The Device and Installation
The Smart Swipe really is a very simple device. It’s a magnetic card reader which connects to a computer via USB.
When connecting the device, it shows up in Windows 7 as a normal USB Input Device, however a 62.1 MB driver required from Smart Swipe’s web site. The software installs a driver for the operating system and a toolbar in Internet Explorer.
Windows users who prefer another browser such as Firefox or Chrome cannot use the Smart Swipe, nor can Mac OS X or Linux users.
Use
I am an infrequent on-line shopper, mostly because I don’t really spend money very often. Most of the sites at which I shop frequently (Amazon, NewEgg, GoDaddy, etc.) have my credit card information safely and securely stored (hopefully). So, to this end, I used the payment portal of a former employer and knew that I could cancel the transaction after entering my credit card details.
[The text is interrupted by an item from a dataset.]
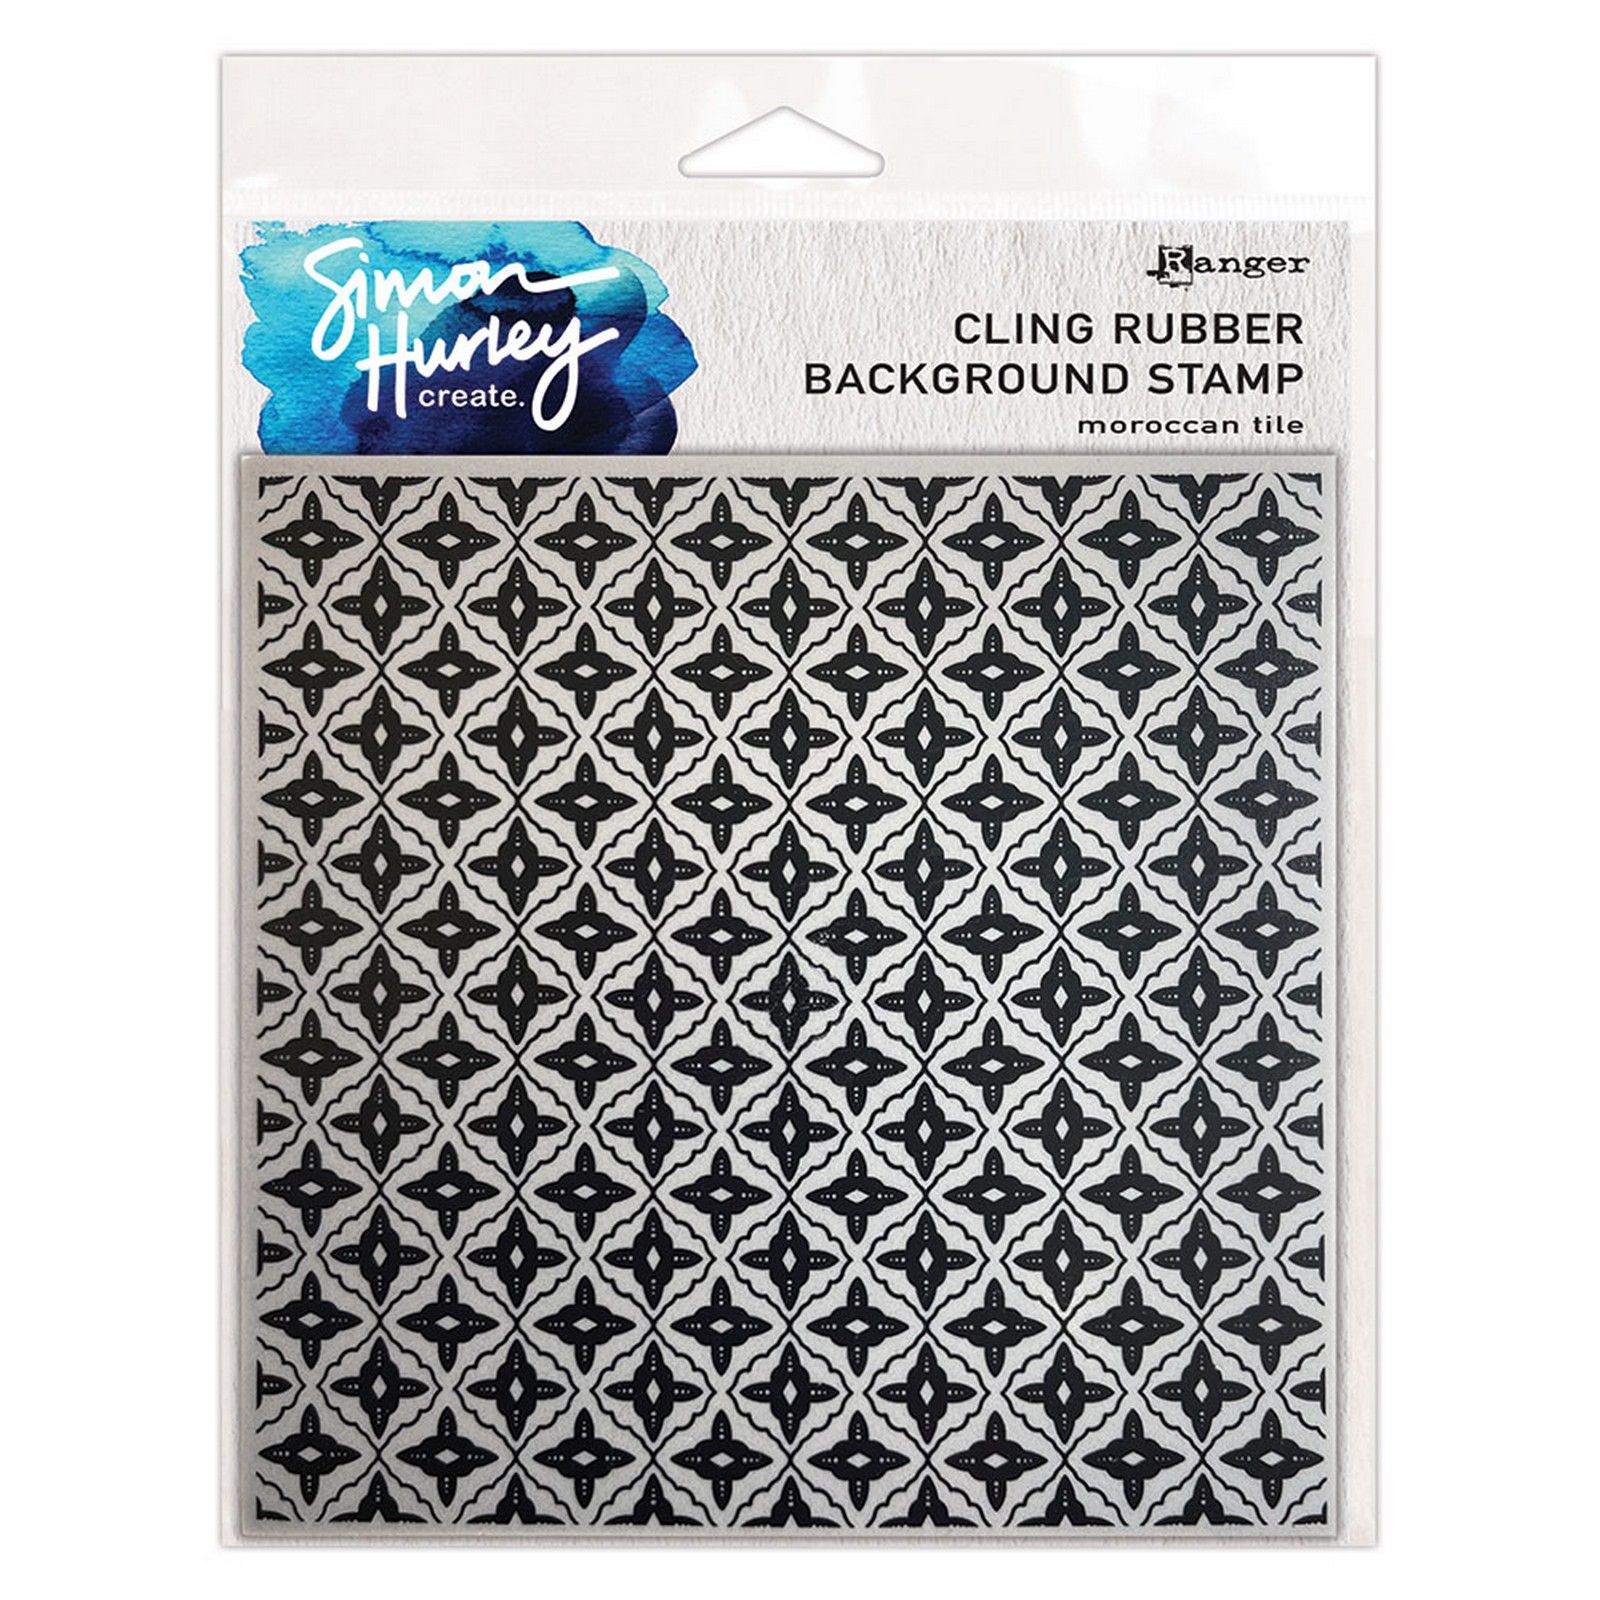 Ranger • Simon Hurley create. Background Stamp Morrocan Tile

I also whipped up a little test to see if I could get my credit card information once swiped. My test asked for the name on the card, number, expiration, and card type.
When you come to a page where you need to enter credit card information, you click on the chain link icon in the the Smart Swipe toolbar (hint: it’s the only icon in the toolbar). It’ll check to ensure that the conditions are good for entering payment information: that the connection is secure and encrypted using SSL (HTTPS), that the SSL certificate identifying the website is authentic and valid, and that the Smart Swipe reader is attached. If these and other conditions are met, a window asking for you to swipe your card will appear. Once swiped and verified using the 3- or 4-digit CVV2 number on the back of the card, you’ll be able to point and click on the fields into which information from the card should be entered.
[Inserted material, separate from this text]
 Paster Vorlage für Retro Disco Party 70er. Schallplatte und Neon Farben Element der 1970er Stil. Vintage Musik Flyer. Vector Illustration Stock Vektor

This is where the Smart Swipe excels. Normally, when entering card details, the inputs aren’t protected against reading by Javascript. In my test, I filled out the first form using Smart Swipe, then pressed the “copy to other form” button to try to read the inputs using Javascript. It came across as encrypted gobbledygook. My guess is that Smart Swipe fills in this crap to satisfy client-side, Javascript-based validation and to fool cross-site scripting attacks, but actually submits the correct information when advancing to the next page.
I blurred out a lot of information here so that if there is some kind of reversable attack on the gobbledygook, my credit card won’t be compromised.